* [Source data]
Start of Block

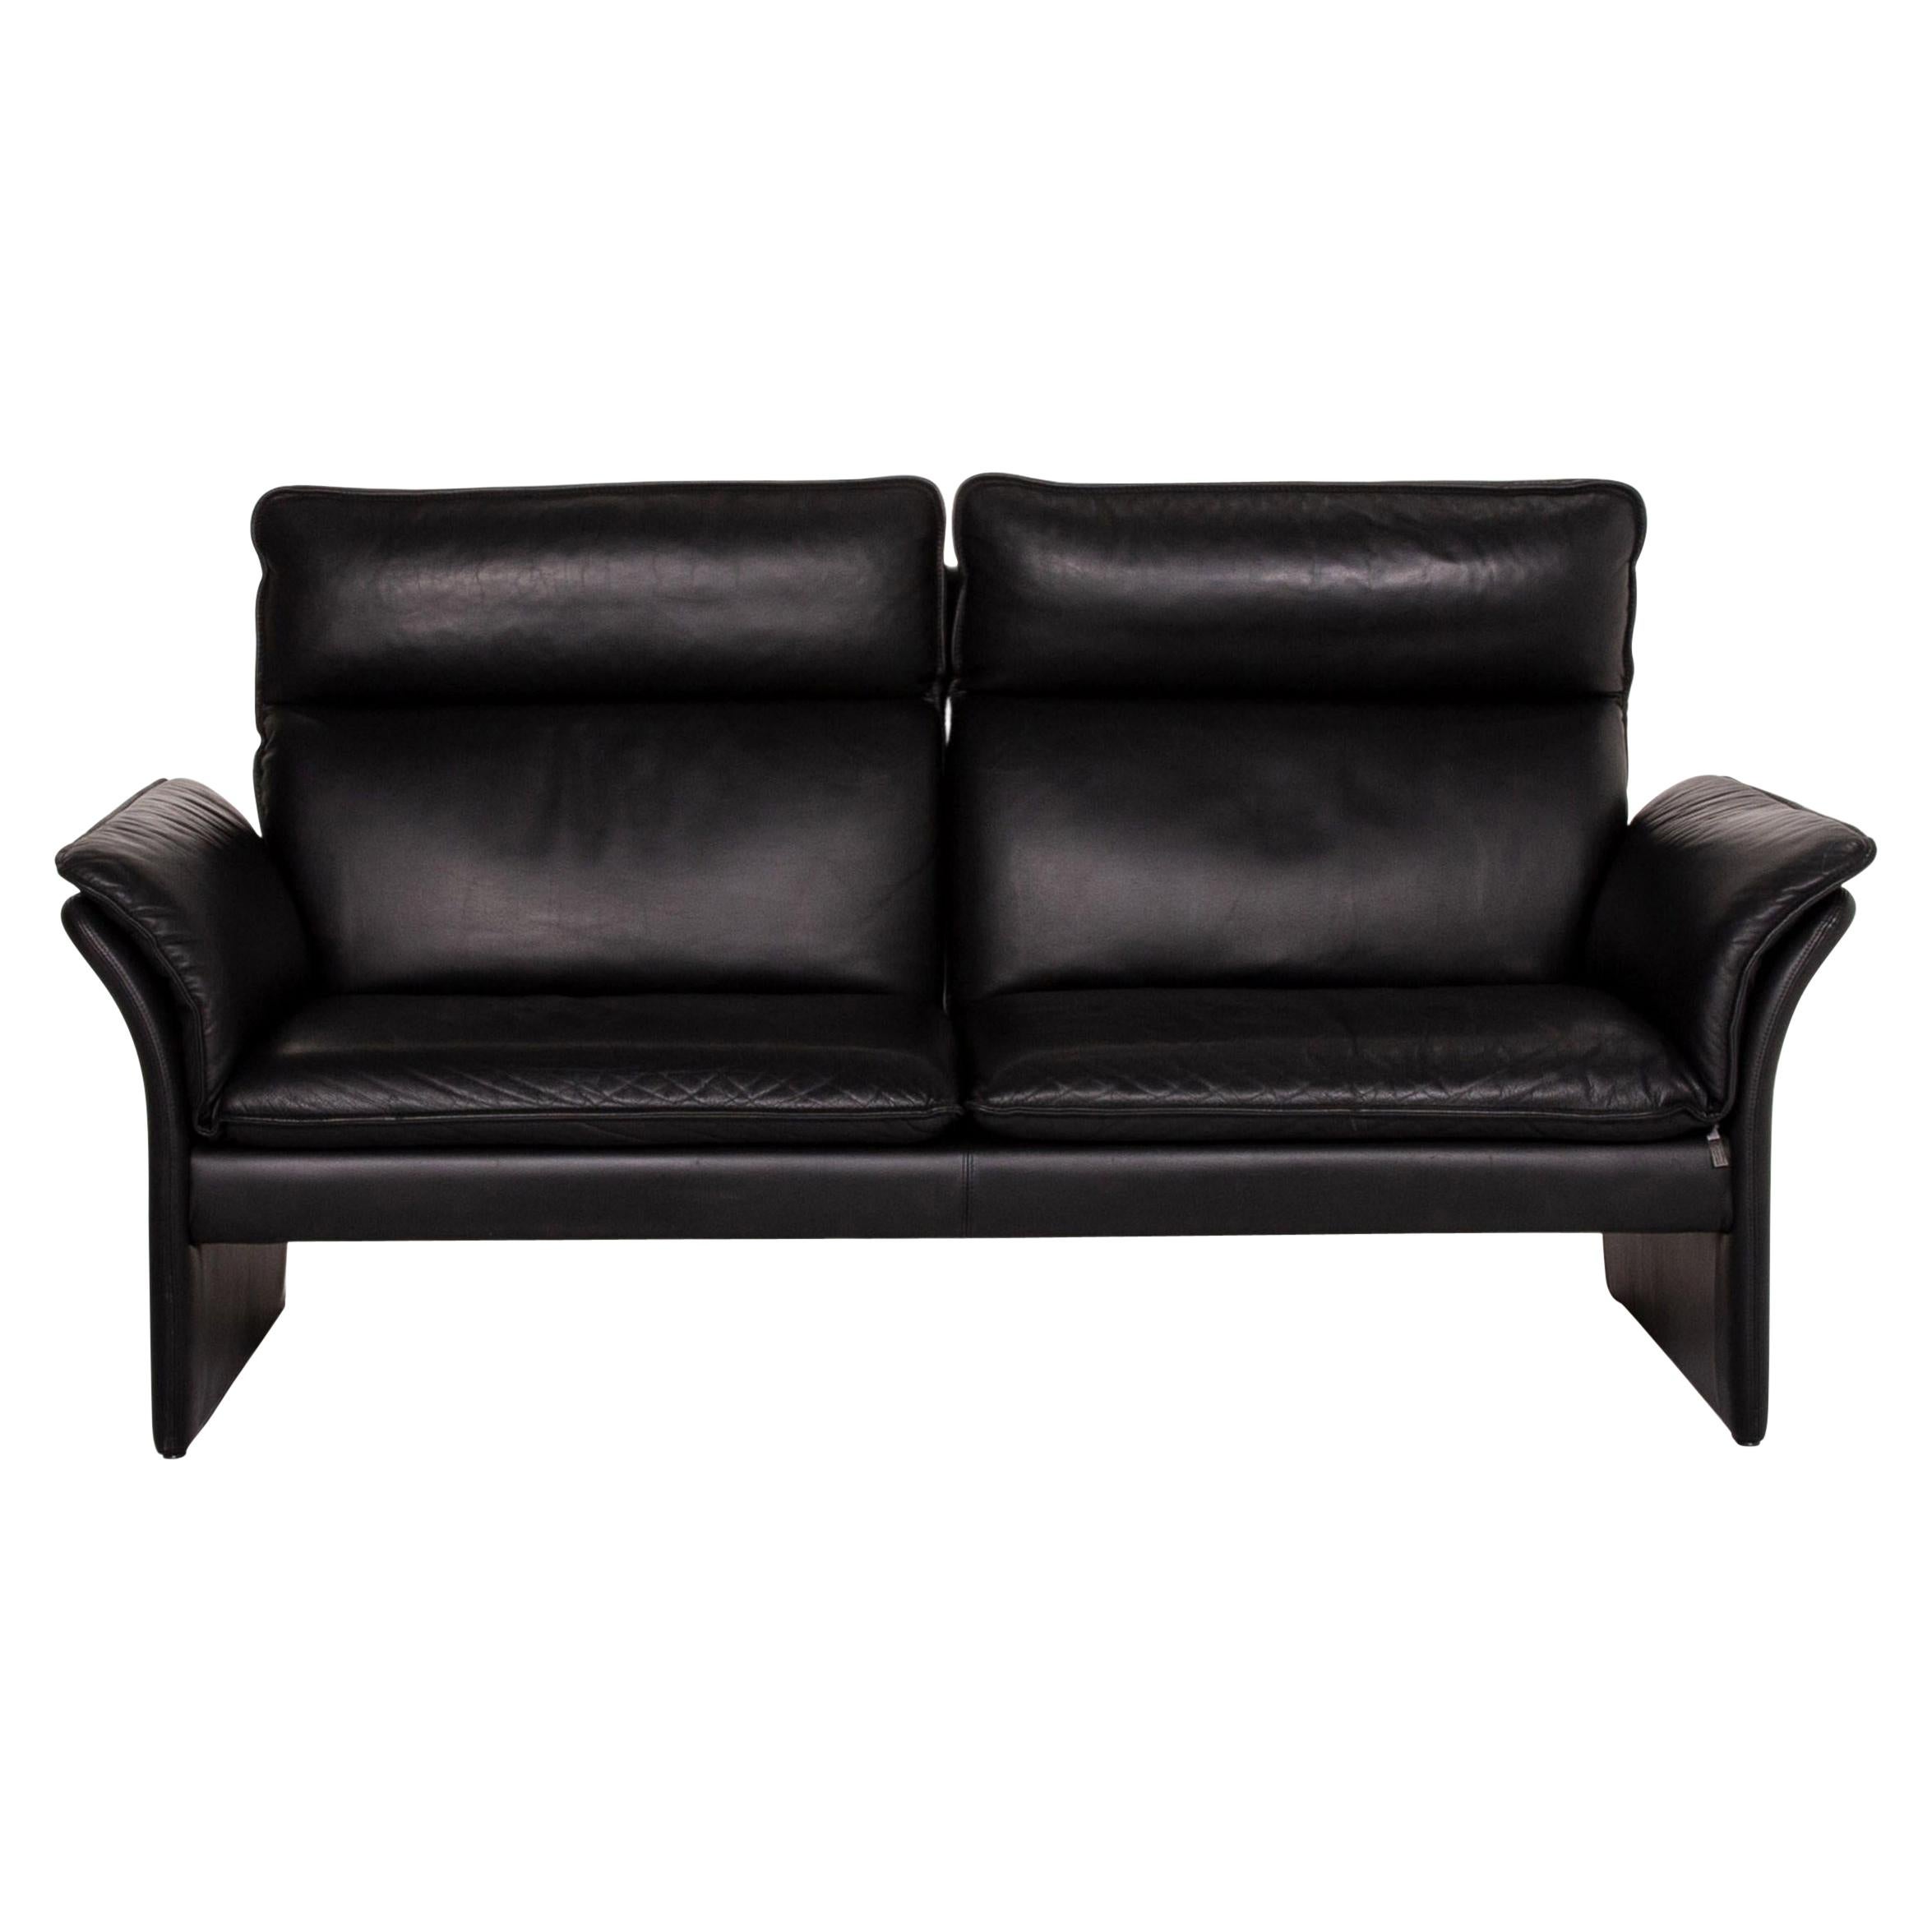 Three-Point Scala Leather Sofa Black Three-Seat Couch
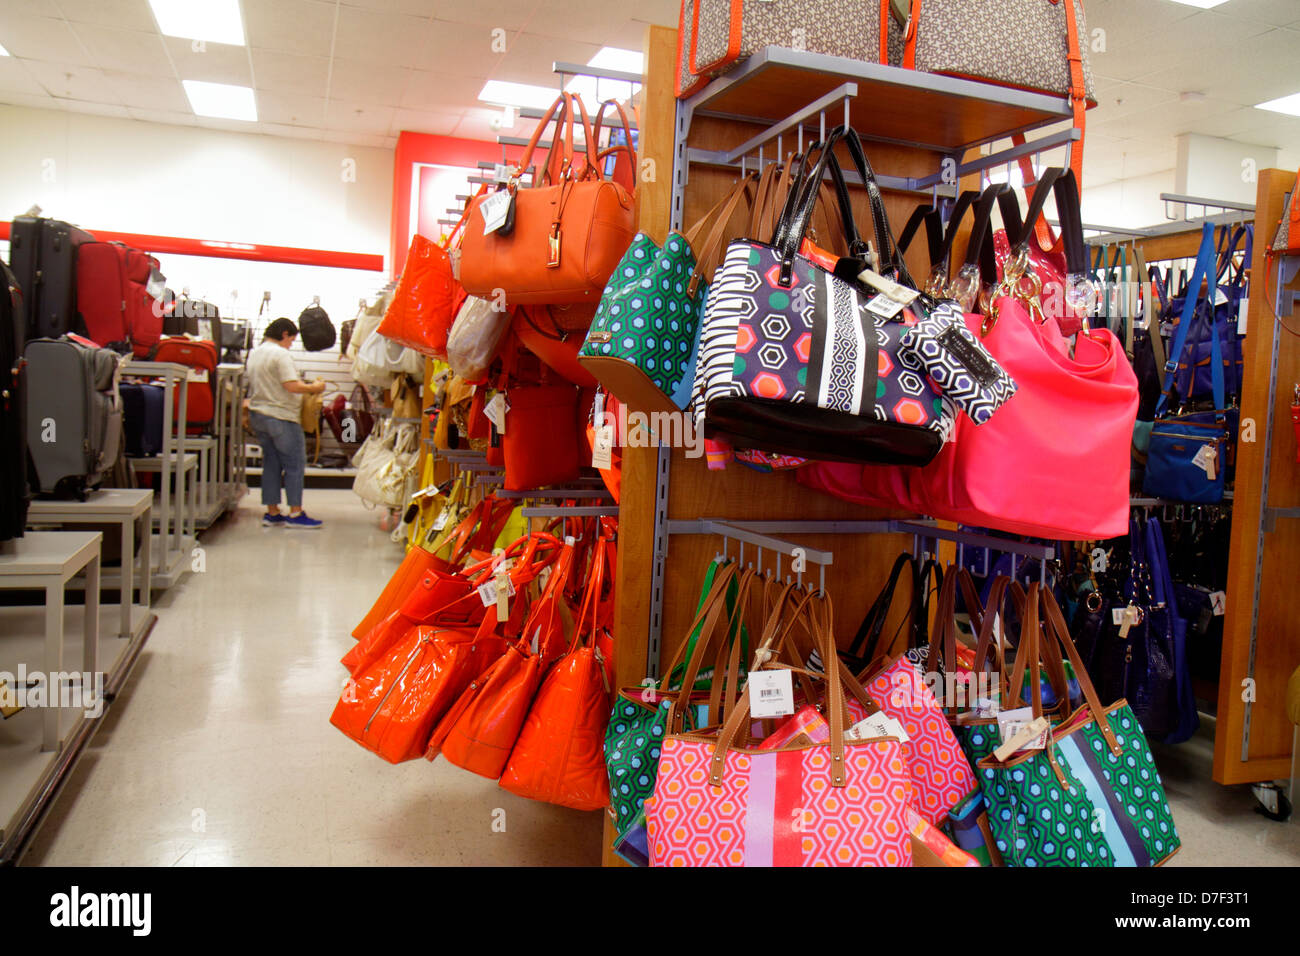 Shop display of handbags -Fotos und -Bildmaterial in hoher Auflösung – Alamy
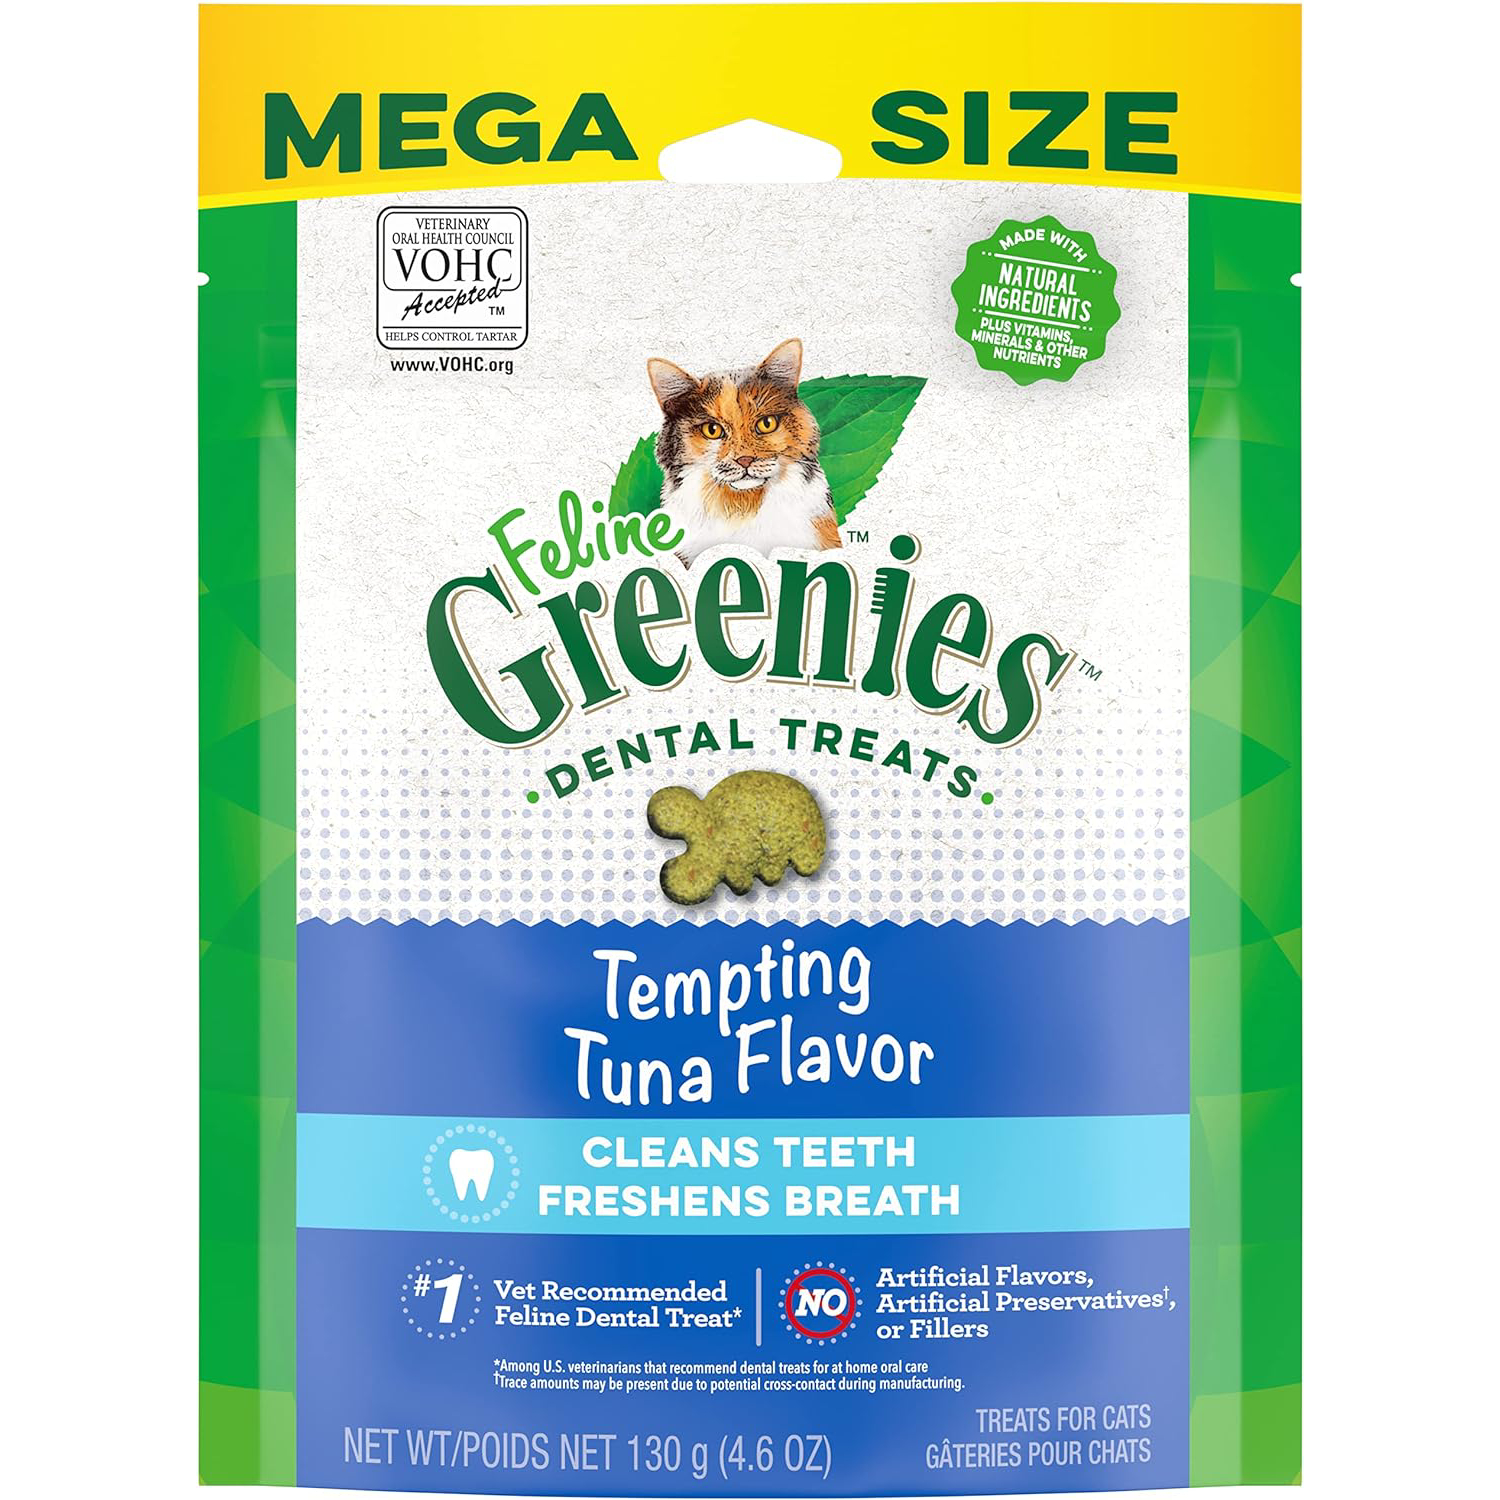 Greenies Feline Adult Natural Dental Care Cat Treats, Tempting Tuna Flavor, 4.6 oz. Pouch new

End of Block

* [What you will do] All of the data must be repeated exactly, except for the pictures.

* [Answer to the problem]
 Three-Point Scala Leather Sofa Black Three-Seat Couch
 Shop display of handbags -Fotos und -Bildmaterial in hoher Auflösung – Alamy
 Greenies Feline Adult Natural Dental Care Cat Treats, Tempting Tuna Flavor, 4.6 oz. Pouch new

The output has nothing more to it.